— To do —
From the first record to the last, write out each one exactly.

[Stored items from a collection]
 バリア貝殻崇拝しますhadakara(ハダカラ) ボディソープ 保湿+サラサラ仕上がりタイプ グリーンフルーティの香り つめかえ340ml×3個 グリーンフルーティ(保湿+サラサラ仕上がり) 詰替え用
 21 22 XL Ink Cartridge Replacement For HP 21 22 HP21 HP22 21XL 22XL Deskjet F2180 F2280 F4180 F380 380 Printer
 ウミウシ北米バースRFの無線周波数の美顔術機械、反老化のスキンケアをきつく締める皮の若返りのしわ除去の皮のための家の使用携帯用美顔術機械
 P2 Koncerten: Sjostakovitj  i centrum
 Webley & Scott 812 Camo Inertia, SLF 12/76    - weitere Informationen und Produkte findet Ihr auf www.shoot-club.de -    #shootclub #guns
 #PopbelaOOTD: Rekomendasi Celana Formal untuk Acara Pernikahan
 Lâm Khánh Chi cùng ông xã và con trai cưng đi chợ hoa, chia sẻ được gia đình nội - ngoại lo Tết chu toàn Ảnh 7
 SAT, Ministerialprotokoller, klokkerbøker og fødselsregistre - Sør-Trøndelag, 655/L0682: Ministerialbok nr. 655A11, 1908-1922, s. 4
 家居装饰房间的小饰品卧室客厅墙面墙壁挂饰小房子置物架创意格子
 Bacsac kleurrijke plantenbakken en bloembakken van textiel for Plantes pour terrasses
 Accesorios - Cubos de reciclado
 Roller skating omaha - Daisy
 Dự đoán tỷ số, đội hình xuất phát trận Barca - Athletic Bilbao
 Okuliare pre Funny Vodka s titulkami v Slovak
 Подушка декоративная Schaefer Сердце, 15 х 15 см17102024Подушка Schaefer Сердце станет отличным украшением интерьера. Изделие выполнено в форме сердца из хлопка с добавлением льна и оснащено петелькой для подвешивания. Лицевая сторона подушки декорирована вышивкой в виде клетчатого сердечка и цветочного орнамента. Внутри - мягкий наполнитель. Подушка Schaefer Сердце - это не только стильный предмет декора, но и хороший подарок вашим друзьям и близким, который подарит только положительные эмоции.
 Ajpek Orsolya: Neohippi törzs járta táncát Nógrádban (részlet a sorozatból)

— Exercise response —
 バリア貝殻崇拝しますhadakara(ハダカラ) ボディソープ 保湿+サラサラ仕上がりタイプ グリーンフルーティの香り つめかえ340ml×3個 グリーンフルーティ(保湿+サラサラ仕上がり) 詰替え用
 21 22 XL Ink Cartridge Replacement For HP 21 22 HP21 HP22 21XL 22XL Deskjet F2180 F2280 F4180 F380 380 Printer
 ウミウシ北米バースRFの無線周波数の美顔術機械、反老化のスキンケアをきつく締める皮の若返りのしわ除去の皮のための家の使用携帯用美顔術機械
 P2 Koncerten: Sjostakovitj  i centrum
 Webley & Scott 812 Camo Inertia, SLF 12/76    - weitere Informationen und Produkte findet Ihr auf www.shoot-club.de -    #shootclub #guns
 #PopbelaOOTD: Rekomendasi Celana Formal untuk Acara Pernikahan
 Lâm Khánh Chi cùng ông xã và con trai cưng đi chợ hoa, chia sẻ được gia đình nội - ngoại lo Tết chu toàn Ảnh 7
 SAT, Ministerialprotokoller, klokkerbøker og fødselsregistre - Sør-Trøndelag, 655/L0682: Ministerialbok nr. 655A11, 1908-1922, s. 4
 家居装饰房间的小饰品卧室客厅墙面墙壁挂饰小房子置物架创意格子
 Bacsac kleurrijke plantenbakken en bloembakken van textiel for Plantes pour terrasses
 Accesorios - Cubos de reciclado
 Roller skating omaha - Daisy
 Dự đoán tỷ số, đội hình xuất phát trận Barca - Athletic Bilbao
 Okuliare pre Funny Vodka s titulkami v Slovak
 Подушка декоративная Schaefer Сердце, 15 х 15 см17102024Подушка Schaefer Сердце станет отличным украшением интерьера. Изделие выполнено в форме сердца из хлопка с добавлением льна и оснащено петелькой для подвешивания. Лицевая сторона подушки декорирована вышивкой в виде клетчатого сердечка и цветочного орнамента. Внутри - мягкий наполнитель. Подушка Schaefer Сердце - это не только стильный предмет декора, но и хороший подарок вашим друзьям и близким, который подарит только положительные эмоции.
 Ajpek Orsolya: Neohippi törzs járta táncát Nógrádban (részlet a sorozatból)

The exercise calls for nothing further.